ACTIVITY: Find "Vista aérea del parque del Retiro." and "Stilvolle billige Schuhe" in the records below. Copy the lines holding them and every line between, exactly, and no others.

DATA SHOWN:
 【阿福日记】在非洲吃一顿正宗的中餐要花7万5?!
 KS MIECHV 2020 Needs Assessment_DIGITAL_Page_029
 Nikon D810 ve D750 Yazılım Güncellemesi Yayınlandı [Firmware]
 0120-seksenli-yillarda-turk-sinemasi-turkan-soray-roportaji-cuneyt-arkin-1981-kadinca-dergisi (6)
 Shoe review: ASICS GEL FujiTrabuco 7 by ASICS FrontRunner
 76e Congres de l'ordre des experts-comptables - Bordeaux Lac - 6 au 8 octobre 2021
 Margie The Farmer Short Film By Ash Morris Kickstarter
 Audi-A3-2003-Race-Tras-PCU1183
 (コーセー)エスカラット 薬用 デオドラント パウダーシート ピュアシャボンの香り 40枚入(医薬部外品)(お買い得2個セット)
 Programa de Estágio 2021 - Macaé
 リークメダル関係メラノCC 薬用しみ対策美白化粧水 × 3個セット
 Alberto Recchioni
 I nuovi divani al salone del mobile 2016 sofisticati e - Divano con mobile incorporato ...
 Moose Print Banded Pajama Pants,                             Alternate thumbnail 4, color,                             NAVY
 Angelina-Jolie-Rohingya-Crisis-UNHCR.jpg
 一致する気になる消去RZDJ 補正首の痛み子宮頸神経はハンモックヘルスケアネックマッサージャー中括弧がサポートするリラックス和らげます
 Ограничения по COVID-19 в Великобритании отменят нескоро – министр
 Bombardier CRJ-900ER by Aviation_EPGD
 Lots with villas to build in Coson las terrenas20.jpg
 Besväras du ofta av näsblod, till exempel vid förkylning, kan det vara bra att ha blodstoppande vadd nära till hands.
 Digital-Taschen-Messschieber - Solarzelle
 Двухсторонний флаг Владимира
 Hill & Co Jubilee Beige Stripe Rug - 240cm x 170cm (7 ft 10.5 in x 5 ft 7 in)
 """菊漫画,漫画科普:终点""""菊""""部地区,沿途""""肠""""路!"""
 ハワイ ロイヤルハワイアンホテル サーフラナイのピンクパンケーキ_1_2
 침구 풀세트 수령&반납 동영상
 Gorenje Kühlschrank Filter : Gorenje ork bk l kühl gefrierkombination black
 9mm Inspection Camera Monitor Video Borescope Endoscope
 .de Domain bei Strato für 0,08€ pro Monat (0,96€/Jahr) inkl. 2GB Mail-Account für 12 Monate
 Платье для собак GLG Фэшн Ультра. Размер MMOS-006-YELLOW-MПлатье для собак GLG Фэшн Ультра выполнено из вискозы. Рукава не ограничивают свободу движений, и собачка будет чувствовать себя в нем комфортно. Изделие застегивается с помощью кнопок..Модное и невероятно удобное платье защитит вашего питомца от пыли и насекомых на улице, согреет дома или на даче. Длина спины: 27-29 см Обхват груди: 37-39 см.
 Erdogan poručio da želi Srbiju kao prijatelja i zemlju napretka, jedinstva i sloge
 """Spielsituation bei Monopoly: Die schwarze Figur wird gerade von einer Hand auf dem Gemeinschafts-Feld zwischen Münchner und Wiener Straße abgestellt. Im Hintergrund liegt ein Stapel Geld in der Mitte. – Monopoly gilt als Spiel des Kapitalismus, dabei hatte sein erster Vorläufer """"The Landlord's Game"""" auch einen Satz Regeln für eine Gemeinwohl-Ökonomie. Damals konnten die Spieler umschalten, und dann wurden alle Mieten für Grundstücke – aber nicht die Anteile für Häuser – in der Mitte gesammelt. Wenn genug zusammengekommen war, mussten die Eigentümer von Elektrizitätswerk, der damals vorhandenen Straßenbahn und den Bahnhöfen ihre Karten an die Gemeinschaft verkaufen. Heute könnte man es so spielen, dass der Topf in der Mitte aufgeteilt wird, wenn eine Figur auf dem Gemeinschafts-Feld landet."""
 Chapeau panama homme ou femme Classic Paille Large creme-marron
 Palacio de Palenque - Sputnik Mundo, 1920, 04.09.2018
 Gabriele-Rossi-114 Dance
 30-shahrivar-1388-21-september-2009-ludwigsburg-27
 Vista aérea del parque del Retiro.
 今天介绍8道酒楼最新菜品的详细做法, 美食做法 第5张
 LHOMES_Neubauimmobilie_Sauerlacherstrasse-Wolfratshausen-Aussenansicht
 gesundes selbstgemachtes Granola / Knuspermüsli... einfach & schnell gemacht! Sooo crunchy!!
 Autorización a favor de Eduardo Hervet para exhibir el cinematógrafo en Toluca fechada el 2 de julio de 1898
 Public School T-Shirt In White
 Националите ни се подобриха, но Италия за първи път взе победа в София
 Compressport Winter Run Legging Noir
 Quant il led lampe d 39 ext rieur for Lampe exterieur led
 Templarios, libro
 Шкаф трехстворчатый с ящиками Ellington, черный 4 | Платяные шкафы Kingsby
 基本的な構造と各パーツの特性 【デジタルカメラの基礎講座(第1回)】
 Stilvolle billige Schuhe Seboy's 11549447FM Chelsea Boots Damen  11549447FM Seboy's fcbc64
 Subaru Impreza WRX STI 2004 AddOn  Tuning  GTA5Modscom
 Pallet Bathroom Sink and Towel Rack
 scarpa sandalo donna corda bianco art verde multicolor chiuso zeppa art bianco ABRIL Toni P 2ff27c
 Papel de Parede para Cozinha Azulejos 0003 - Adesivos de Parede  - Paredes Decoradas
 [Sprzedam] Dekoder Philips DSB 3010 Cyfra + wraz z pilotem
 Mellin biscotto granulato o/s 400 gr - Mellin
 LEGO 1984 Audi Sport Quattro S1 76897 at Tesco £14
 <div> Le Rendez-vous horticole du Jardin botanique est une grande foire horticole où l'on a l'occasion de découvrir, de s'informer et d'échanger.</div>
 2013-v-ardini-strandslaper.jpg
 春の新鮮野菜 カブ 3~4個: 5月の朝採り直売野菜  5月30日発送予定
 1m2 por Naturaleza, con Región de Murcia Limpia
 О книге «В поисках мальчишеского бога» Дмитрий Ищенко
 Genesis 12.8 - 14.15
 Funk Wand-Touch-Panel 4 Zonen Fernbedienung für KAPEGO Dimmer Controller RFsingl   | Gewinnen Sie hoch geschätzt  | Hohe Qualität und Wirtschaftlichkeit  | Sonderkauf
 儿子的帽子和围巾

ANSWER SPACE:
 Vista aérea del parque del Retiro.
 今天介绍8道酒楼最新菜品的详细做法, 美食做法 第5张
 LHOMES_Neubauimmobilie_Sauerlacherstrasse-Wolfratshausen-Aussenansicht
 gesundes selbstgemachtes Granola / Knuspermüsli... einfach & schnell gemacht! Sooo crunchy!!
 Autorización a favor de Eduardo Hervet para exhibir el cinematógrafo en Toluca fechada el 2 de julio de 1898
 Public School T-Shirt In White
 Националите ни се подобриха, но Италия за първи път взе победа в София
 Compressport Winter Run Legging Noir
 Quant il led lampe d 39 ext rieur for Lampe exterieur led
 Templarios, libro
 Шкаф трехстворчатый с ящиками Ellington, черный 4 | Платяные шкафы Kingsby
 基本的な構造と各パーツの特性 【デジタルカメラの基礎講座(第1回)】
 Stilvolle billige Schuhe Seboy's 11549447FM Chelsea Boots Damen  11549447FM Seboy's fcbc64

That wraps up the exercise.